On Thu, Jan 09, 2020 at 02:45:46PM +0100, Claudio Jeker wrote:
> The RDE needs to know the local v4 and v6 address of a session so that
> nexthop self works. Until now the lookup for the other AF address was done
> in the RDE when the session got established. This diff moves this code
> over to the SE where it fits better. Especially this allows to remove the
> route pledge from the RDE.
>
> This diff works for me but I would like more tests especially on link
> local IPv6 sessions (the KAME embedded scope curse haunts me again).
ping...
--
:wq Claudio
? obj
Index: bgpd.h
===================================================================
RCS file: /cvs/src/usr.sbin/bgpd/bgpd.h,v
retrieving revision 1.397
diff -u -p -r1.397 bgpd.h
--- bgpd.h 9 Jan 2020 11:55:25 -0000 1.397
+++ bgpd.h 9 Jan 2020 13:37:19 -0000
@@ -656,7 +656,8 @@ struct kif {
};
struct session_up {
- struct bgpd_addr local_addr;
+ struct bgpd_addr local_v4_addr;
+ struct bgpd_addr local_v6_addr;
struct bgpd_addr remote_addr;
struct capabilities capa;
u_int32_t remote_bgpid;
Index: rde.c
===================================================================
RCS file: /cvs/src/usr.sbin/bgpd/rde.c,v
retrieving revision 1.498
diff -u -p -r1.498 rde.c
--- rde.c 9 Jan 2020 13:31:52 -0000 1.498
+++ rde.c 9 Jan 2020 13:37:19 -0000
@@ -177,7 +177,7 @@ rde_main(int debug, int verbose)

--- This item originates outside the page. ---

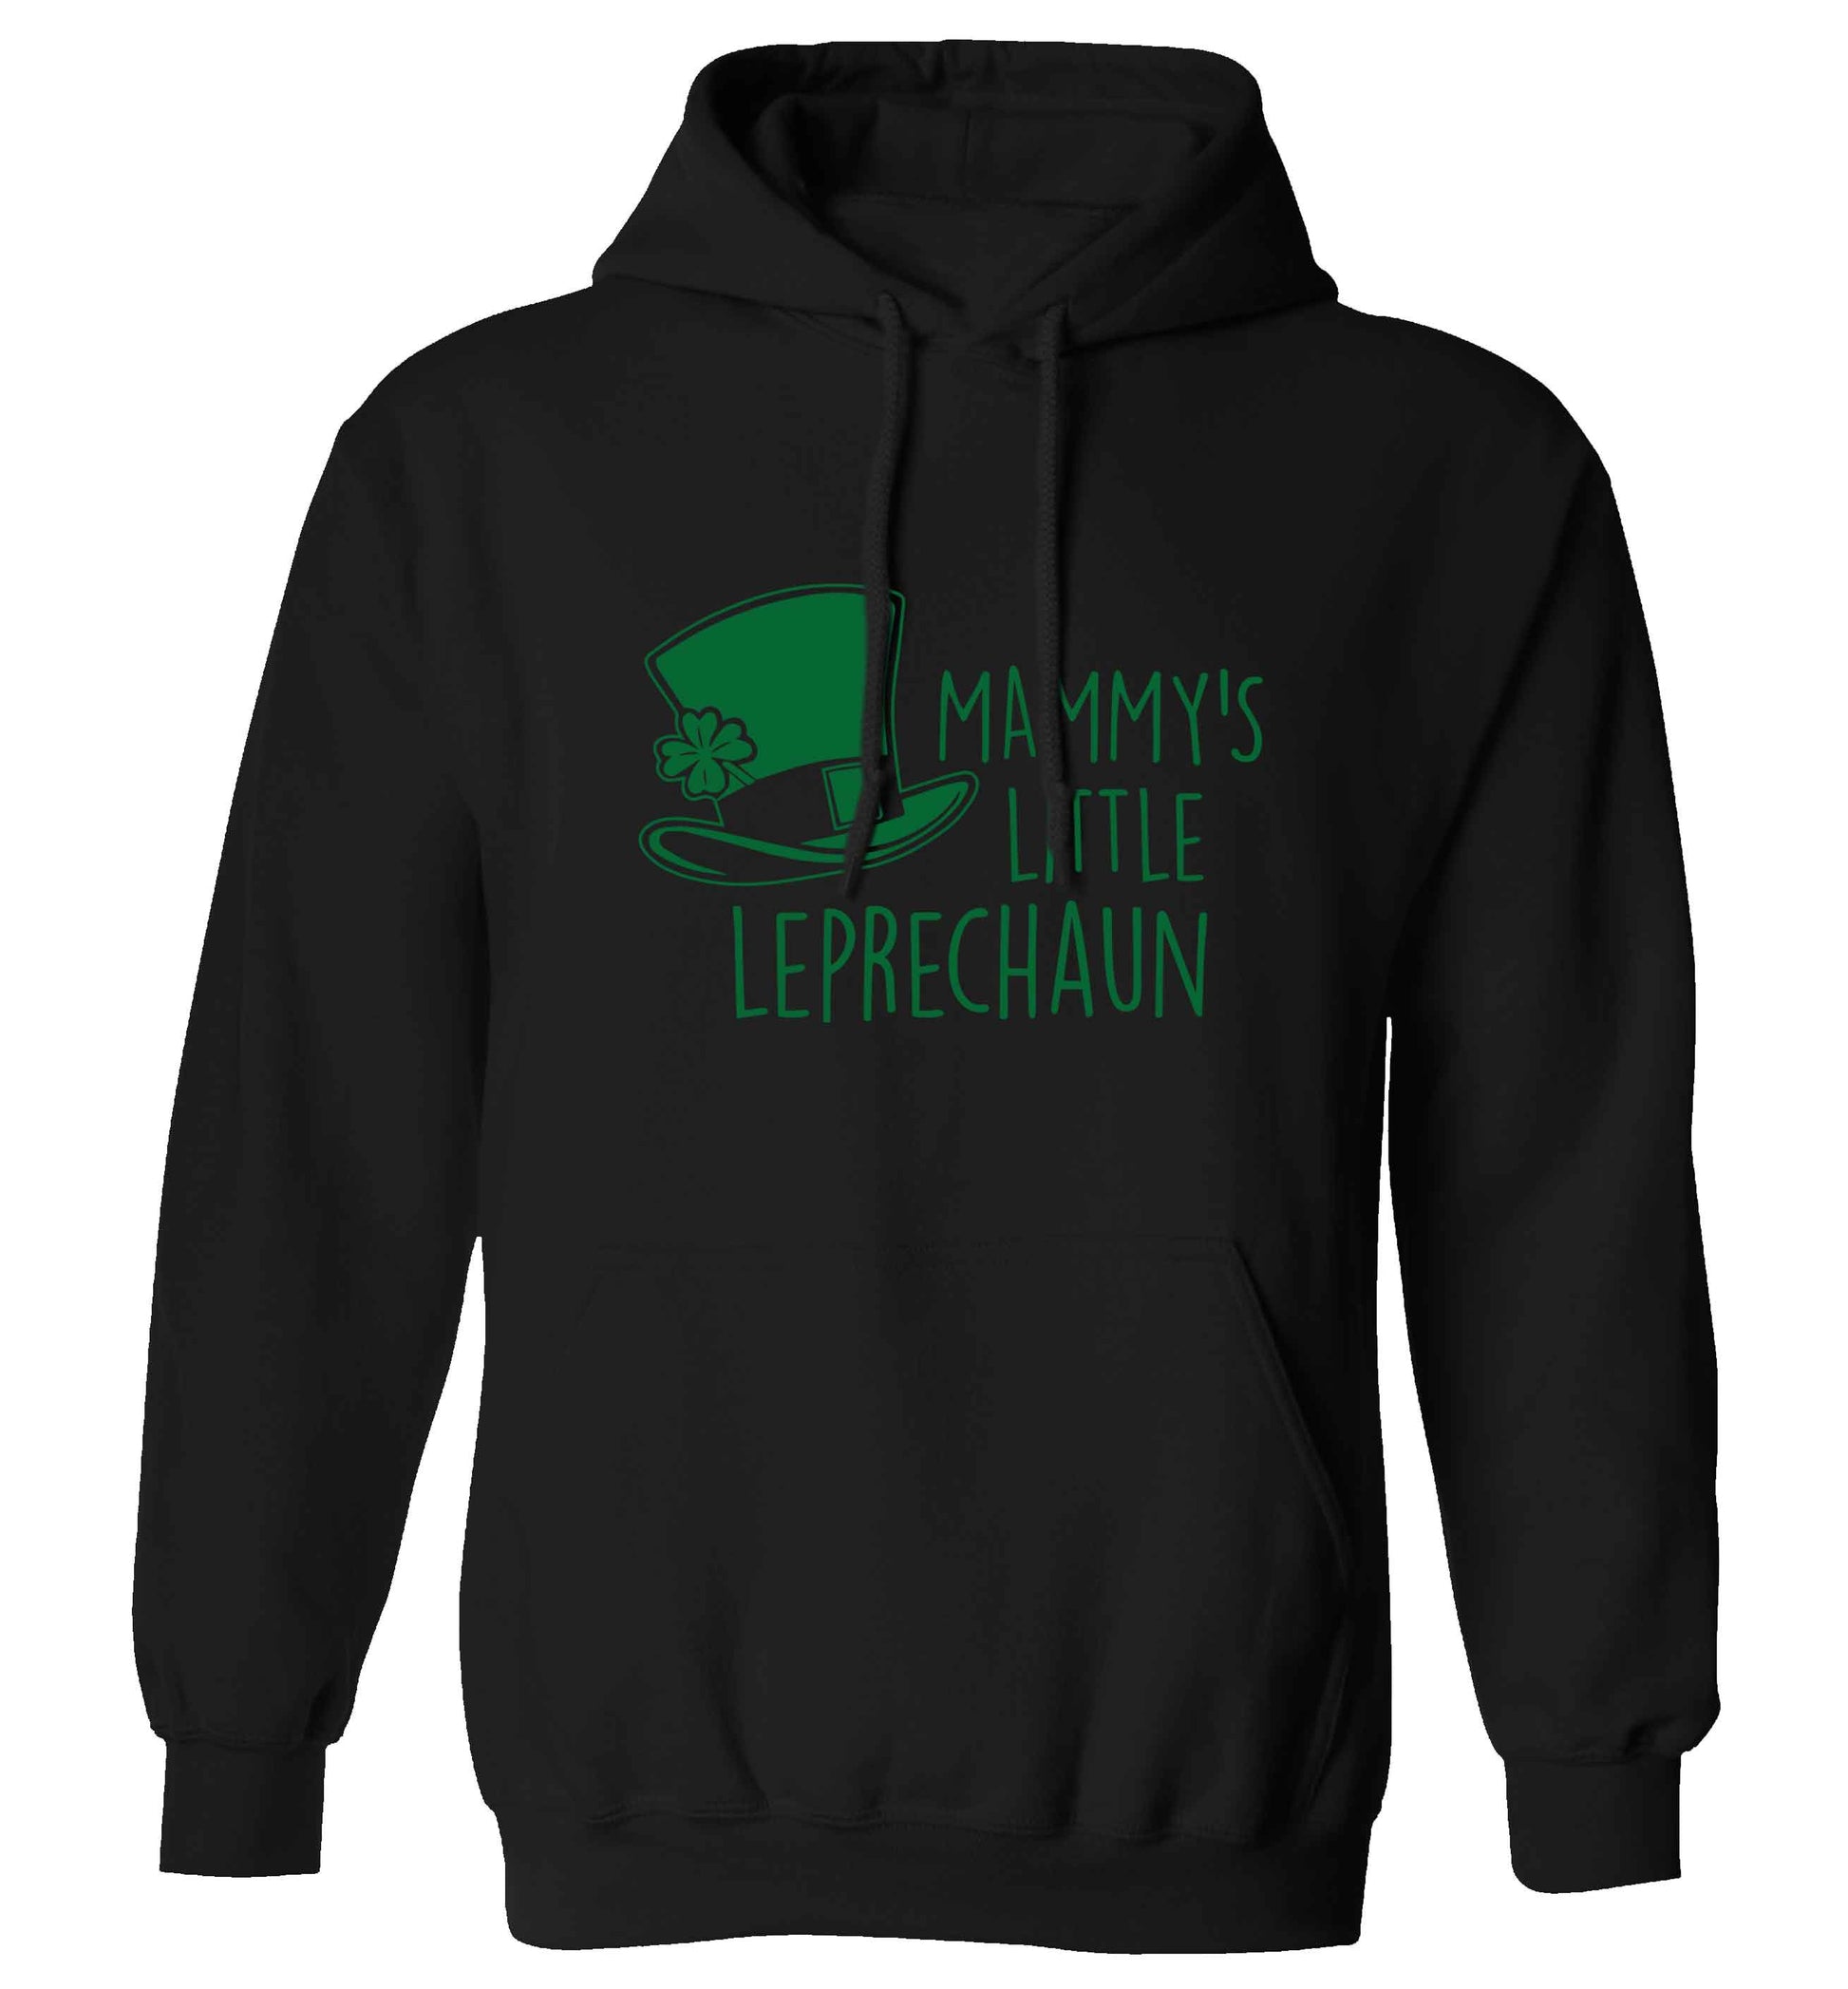 Mammy's little leprechaun adults unisex black hoodie 2XL

setresuid(pw->pw_uid, pw->pw_uid, pw->pw_uid))
fatal("can't drop privileges");
- if (pledge("stdio route recvfd", NULL) == -1)
+ if (pledge("stdio recvfd", NULL) == -1)
fatal("pledge");
signal(SIGTERM, rde_sighdlr);
Index: rde_peer.c
===================================================================
RCS file: /cvs/src/usr.sbin/bgpd/rde_peer.c,v
retrieving revision 1.2
diff -u -p -r1.2 rde_peer.c
--- rde_peer.c 9 Jan 2020 13:31:52 -0000 1.2
+++ rde_peer.c 9 Jan 2020 13:37:19 -0000
@@ -17,9 +17,7 @@
*/
#include <sys/types.h>
#include <sys/queue.h>
-#include <sys/socket.h>
-#include <ifaddrs.h>
#include <stdlib.h>
#include <stdio.h>
#include <string.h>
@@ -306,102 +304,6 @@ rde_up_dump_done(void *ptr, u_int8_t aid
fatal("%s: prefix_dump_new", __func__);
}
-static int
-sa_cmp(struct bgpd_addr *a, struct sockaddr *b)
-{
- struct sockaddr_in *in_b;
- struct sockaddr_in6 *in6_b;
-
- if (aid2af(a->aid) != b->sa_family)
- return (1);
-
- switch (b->sa_family) {
- case AF_INET:
- in_b = (struct sockaddr_in *)b;
- if (a->v4.s_addr != in_b->sin_addr.s_addr)
- return (1);
- break;
- case AF_INET6:
- in6_b = (struct sockaddr_in6 *)b;
-#ifdef __KAME__
- /* directly stolen from sbin/ifconfig/ifconfig.c */
- if (IN6_IS_ADDR_LINKLOCAL(&in6_b->sin6_addr)) {
- in6_b->sin6_scope_id =
- ntohs(*(u_int16_t *)&in6_b->sin6_addr.s6_addr[2]);
- in6_b->sin6_addr.s6_addr[2] =
- in6_b->sin6_addr.s6_addr[3] = 0;
- }
-#endif
- if (bcmp(&a->v6, &in6_b->sin6_addr,
- sizeof(struct in6_addr)))
- return (1);
- break;
- default:
- fatal("king bula sez: unknown address family");
- /* NOTREACHED */
- }
-
- return (0);
-}
-
-/*
- * Figure out the local IP addresses most suitable for this session.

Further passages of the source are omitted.